Gov. Chris Christie Was for Common Core, Before He Was Against It

The New Jersey governor was for Common Core before he was against it.

But Christie praised the program for years after voluntarily adopting it in 2010. “We're doing Common Core in New Jersey and we're going to continue. And this is one of those areas where I've agreed more with the president than not,” he told a Las Vegas school summit in August 2013.

During that speech, he derided members of Congress who were distancing themselves from Common Core, which was becoming increasingly unpopular with conservative activists, saying they were bowing to political pressure.

“Part of the problem in Congress right now, on both sides of the aisle, is that folks care more about their primaries than they care about anything else,” he said during the speech.

But by November of the following year, Christie himself started citing his worries about the program. “I have some real concerns about Common Core and how it's being rolled out and that's why I put a commission together to study it," he said during his monthly "Ask the Governor" radio show appearance.

Christie did set up a nine-member commission of educators, state officials and administrators in July 2014, but its goal seemed geared towards evaluating student testing, not the Common Core curriculum itself.

“The Commission is charged with reviewing and providing appropriate recommendations about the effectiveness of the volume, frequency, and impact of student testing occurring throughout New Jersey school districts,” the announcement of the commission read in part.

Plus, the group’s interim recommendations, released in January 2015, only referred to Common Core in the context of the tests that assessed students' grasp of the curriculum, known as the Partnership for Assessment of Readiness of College and Careers (PARCC). The commission warned PARCC, which was phased in to New Jersey schools this year, was regarded by parents and teachers as “an example of over-testing.”

But Christie has defended the implementation of the PARCC test, even as it is explicitly linked to Common Core. "This will in no way affect our efforts to continue effective testing and measurements of our students through the PARCC test,” he said during Thursday’s speech.

While less infamous on the national stage than Common Core, PARCC remains unpopular in New Jersey.

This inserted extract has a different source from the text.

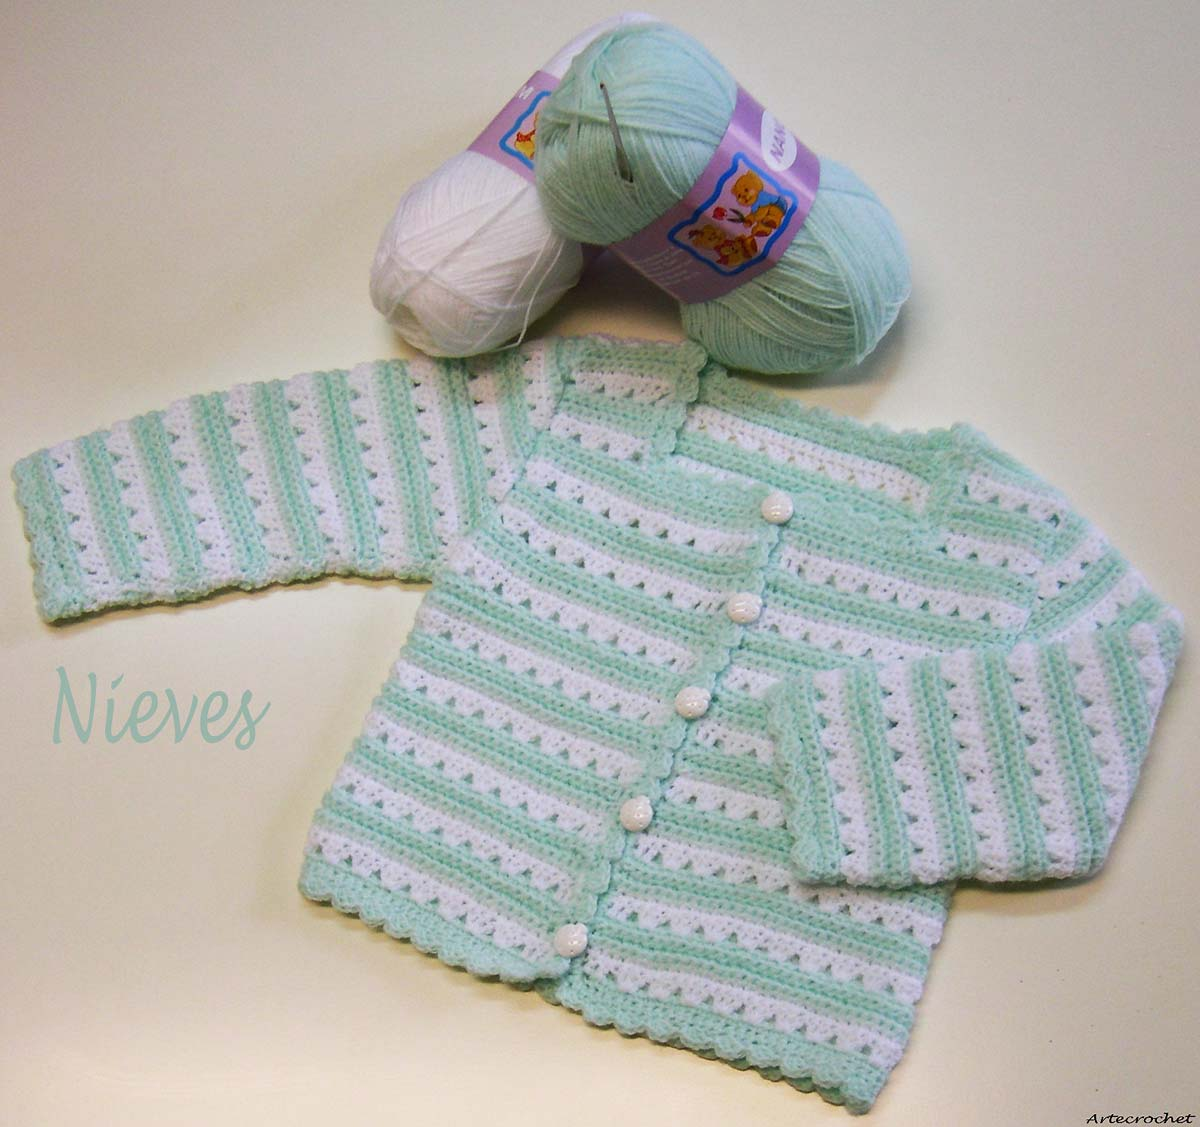 Artecrochet nieves chaqueta para beb de 3 a 6 meses - Tejer chaqueta bebe 6 meses ...
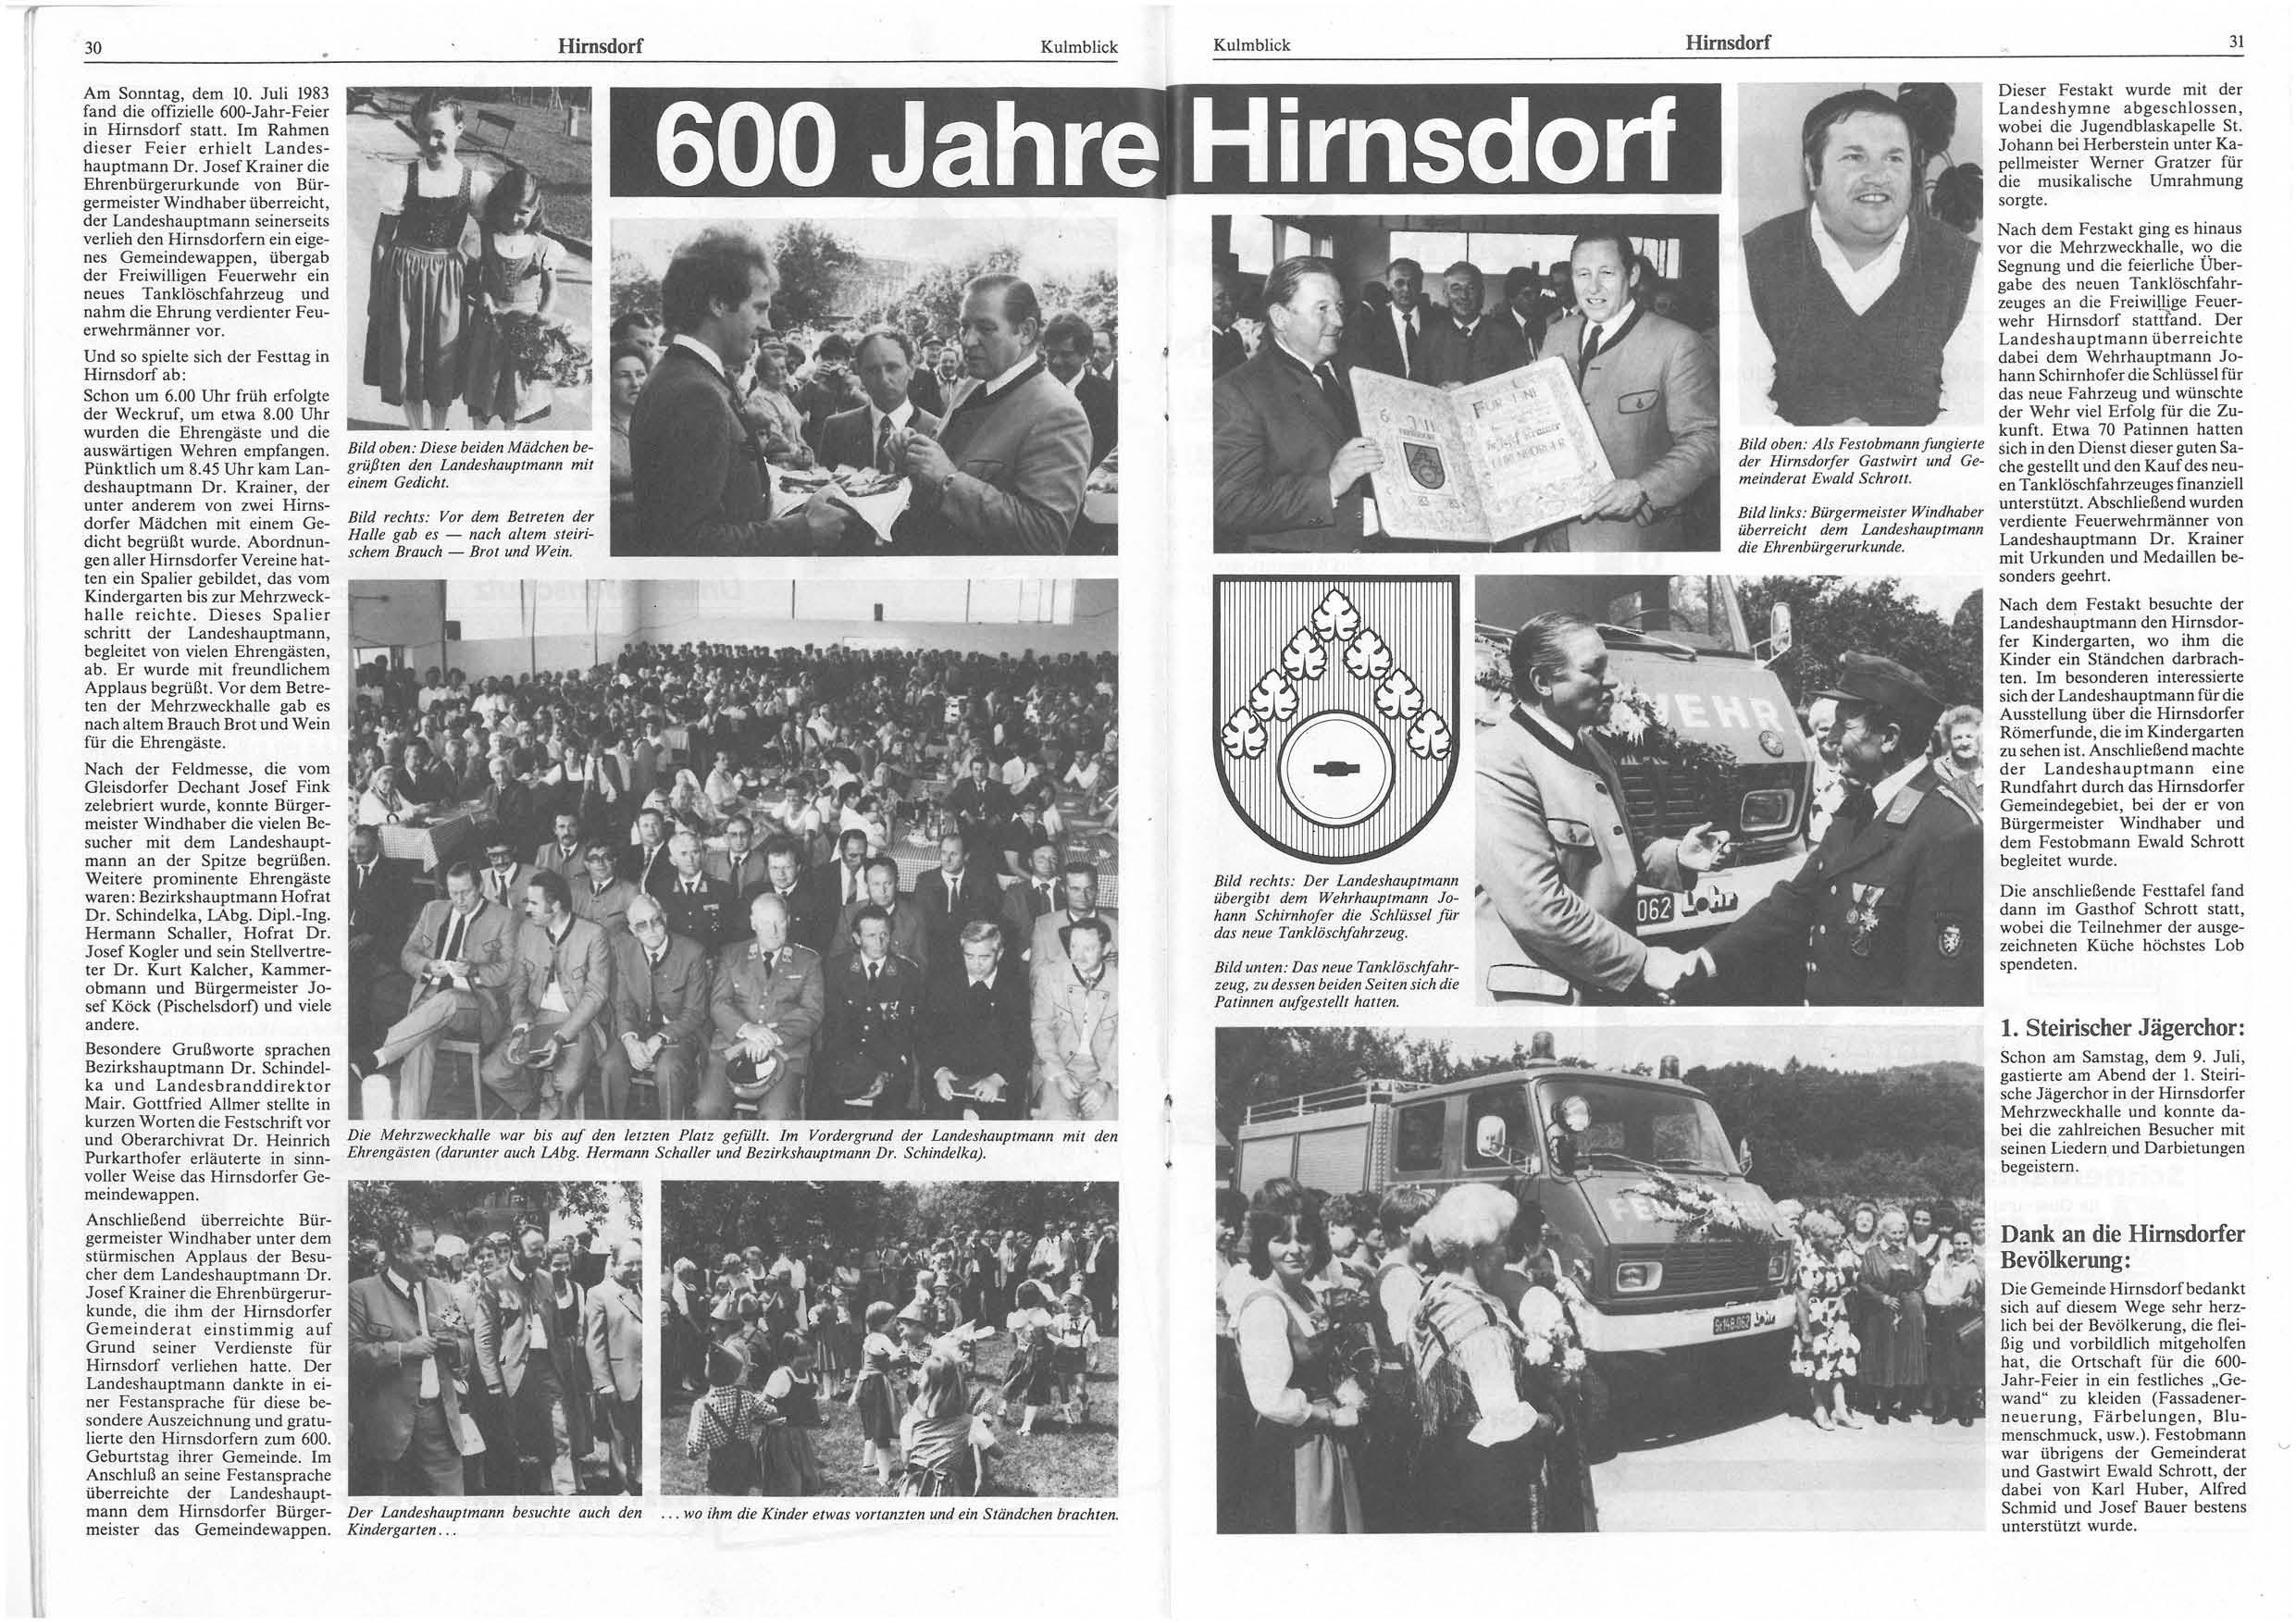 Bericht Kulmblick_3

A February Monmouth University poll, the most recent on the topic, found PARCC’s disapproval rating among Garden State residents on par with Common Core’s.

And the New Jersey Education Association, the state's teachers' union, told NJ.com it was “completely illogical” for Christie to eliminate Common Core and not PARCC.

“He’s saying you don’t need to teach what the test requires but we’re still going to make the kids take the test,” said Brigid Harrison, political science and law professor at Montclair State University.

Christie said his education commissioner, David Hespe, would be evaluating PARCC, but that getting rid of it entirely might jeopardize federal funding. “I’m not going to permit New Jersey to risk losing vital federal education funds because some would prefer to let the perfect get in the way of the good,” he said.

But that assertion was incongruous with a concern Christie had previously raised about Common Core: that the government was tying funds to the adoption of a specific federal education program.

“I have grave concerns about the way [Common Core] is being done, and especially the way the Obama administration has tried to implement it through tying federal funding to these things," he told attendees at an Iowa dinner in February.

When asked for comment on the discrepancy between his previous concerns and actions and those articulated on Thursday, spokesmen for the governor would not comment other than to refer back to his speech.

Harrison, of Montclair State University, said Christie’s opting out of Common Core despite his past, vociferous support for the program might help his presidential bid in the short term, but could lead to pitfalls down the campaign trail.

“Sure, this is going to perhaps open up a door in terms of Mr. Christie being able to garner some support among conservatives. I think it also opens him up to criticism that he flip-flopped on this issue,” she said.